正確的結果是2020年對應的資料,正確的ein號和pn號,我得到幾個結果或只有一個結果都沒有關系
正確的結果是這樣的:
https://www.efast.dol.gov/services/afs?q.parser=lucene&size=200&sort=planname asc&q=(((planyear:2020)) AND%20((ein:814699012)) AND%20((pn:001)))&facet.planyear={size:30}&facet.plancode={size:100}&facet.plancode={size:100}&facet.assetseoy={buckets:[%22{,100000]%22,%22[100001,500000]%22,%22[500001,1000000]%22,%22[1000001,10000000]%22,%22[10000001,}%22]}&facet.plantype={size:20}&facet.businesscodecat={size:30}&facet.businesscode={size:30}&facet.state={size:100}&facet.countrycode={buckets:["CA%22,"GB%22,"BM%22,"KY%22]}&facet.formyear={size:30}
uj5u.com熱心網友回復:
您似乎對請求和回應感到困惑。在您的情況下,您應該使用長 URL 作為您的請求,然后決議回應 JSON 資料。所以下面的代碼應該適合你,你需要決議回應:
import requests
url = "https://www.efast.dol.gov/services/afs?q.parser=lucene&size=200&sort=planname asc&q=(((planyear:2020)) AND ((ein:814699012)) AND ((pn:001)))&facet.planyear={size:30}&facet.plancode={size:100}&facet.plancode={size:100}&facet.assetseoy={buckets:["{,100000]","[100001,500000]","[500001,1000000]","[1000001,10000000]","[10000001,}"]}&facet.plantype={size:20}&facet.businesscodecat={size:30}&facet.businesscode={size:30}&facet.state={size:100}&facet.countrycode={buckets:["CA","GB","BM","KY"]}&facet.formyear={size:30}"
payload={}
headers = {}
response = requests.request("GET", url, headers=headers, data=payload)
print(response.text)
一探究竟:
import requests
parser='lucene'
query='(((planyear:2020)) AND ((ein:814699012)) AND ((pn:001)))'
url = "https://www.efast.dol.gov/services/afs?q.parser=" parser "&size=200&sort=planname asc&q=" query "&facet.planyear={size:30}&facet.plancode={size:100}&facet.plancode={size:100}&facet.assetseoy={buckets:["{,100000]","[100001,500000]","[500001,1000000]","[1000001,10000000]","[10000001,}"]}&facet.plantype={size:20}&facet.businesscodecat={size:30}&facet.businesscode={size:30}&facet.state={size:100}&facet.countrycode={buckets:["CA","GB","BM","KY"]}&facet.formyear={size:30}"
payload={}
headers = {}
response = requests.request("GET", url, headers=headers, data=payload)
print(response.text)
uj5u.com熱心網友回復:
Python 的requests包不支持 dict 之類的引數。它們在鍵值字典中的值必須是字串或字串串列:
Requests 允許您使用 params 關鍵字引數將這些引數作為字串字典提供。

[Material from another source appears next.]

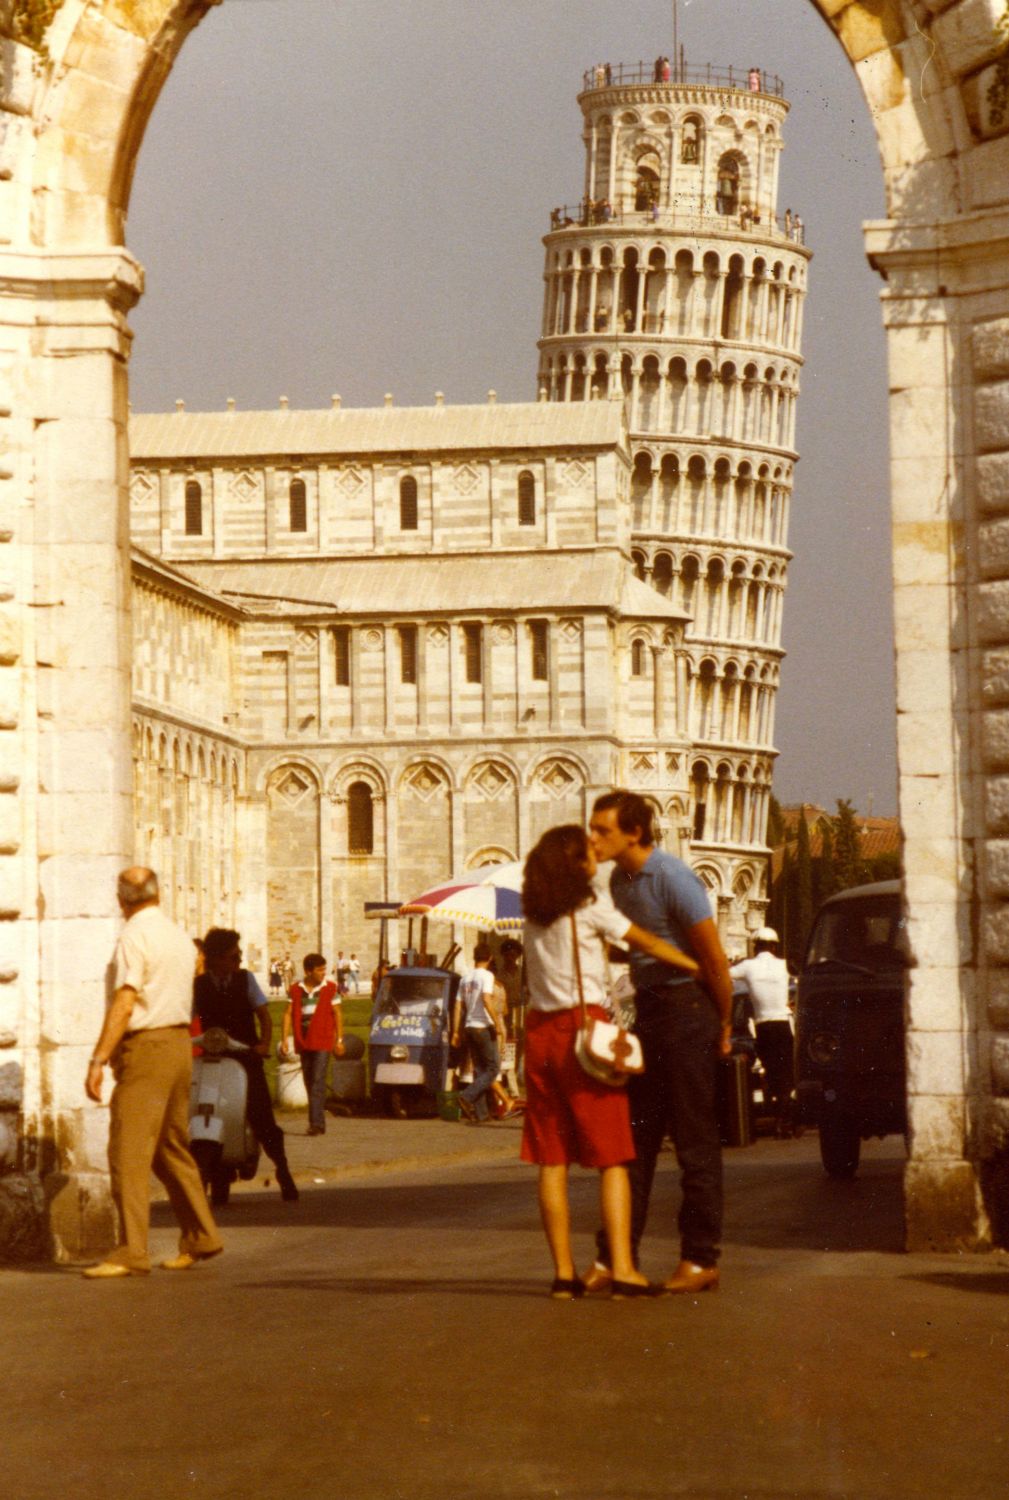 På tur til Pisa, her kysses der...

https://docs.python-requests.org/en/latest/user/quickstart/#passing-parameters-in-urls
您的網站使用非標準編碼將字典編碼為 url 有效字符。
如果你看看你的例子:
(((planyear:2020)) AND%20((ein:814699012)) AND%20((pn:001)))
我們可以推斷格式為:
(((KEY:VALUE)) AND ((KEY:VALUE)) AND <...>)
所以它是()每個 key:value 對被包圍的地方(()),空格被 urlquoted to 。
我們可以在我們的代碼中自己復制這種編碼:
>>> params = {"planyear": "2020", "ein": 814699012, "pn": "001"}
>>> encoded = ' AND '.join(f"(({k}:{v})" for k, v in params.items())
>>> f"({encoded})"
'(((planyear:2020)) AND ((ein:814699012)) AND ((pn:001)))'
然后將其作為您的q引數傳遞。
編輯:我已經為你的具體情況編譯了這個:
import requests
q = {'ein': '814699012', 'planyear': '2020', 'pn': '001'}
# convert Q parameter to website's encoding:
q = ' AND '.join(f"(({k}:{v}))" for k, v in q.items())
q = f"({q})"
# put all params together: normal key:value parameters special Q parameter:
params = {'q.parser': 'lucene', 'size': 200, 'sort': 'planname asc', 'q': q}
url = "https://www.efast.dol.gov/services/afs"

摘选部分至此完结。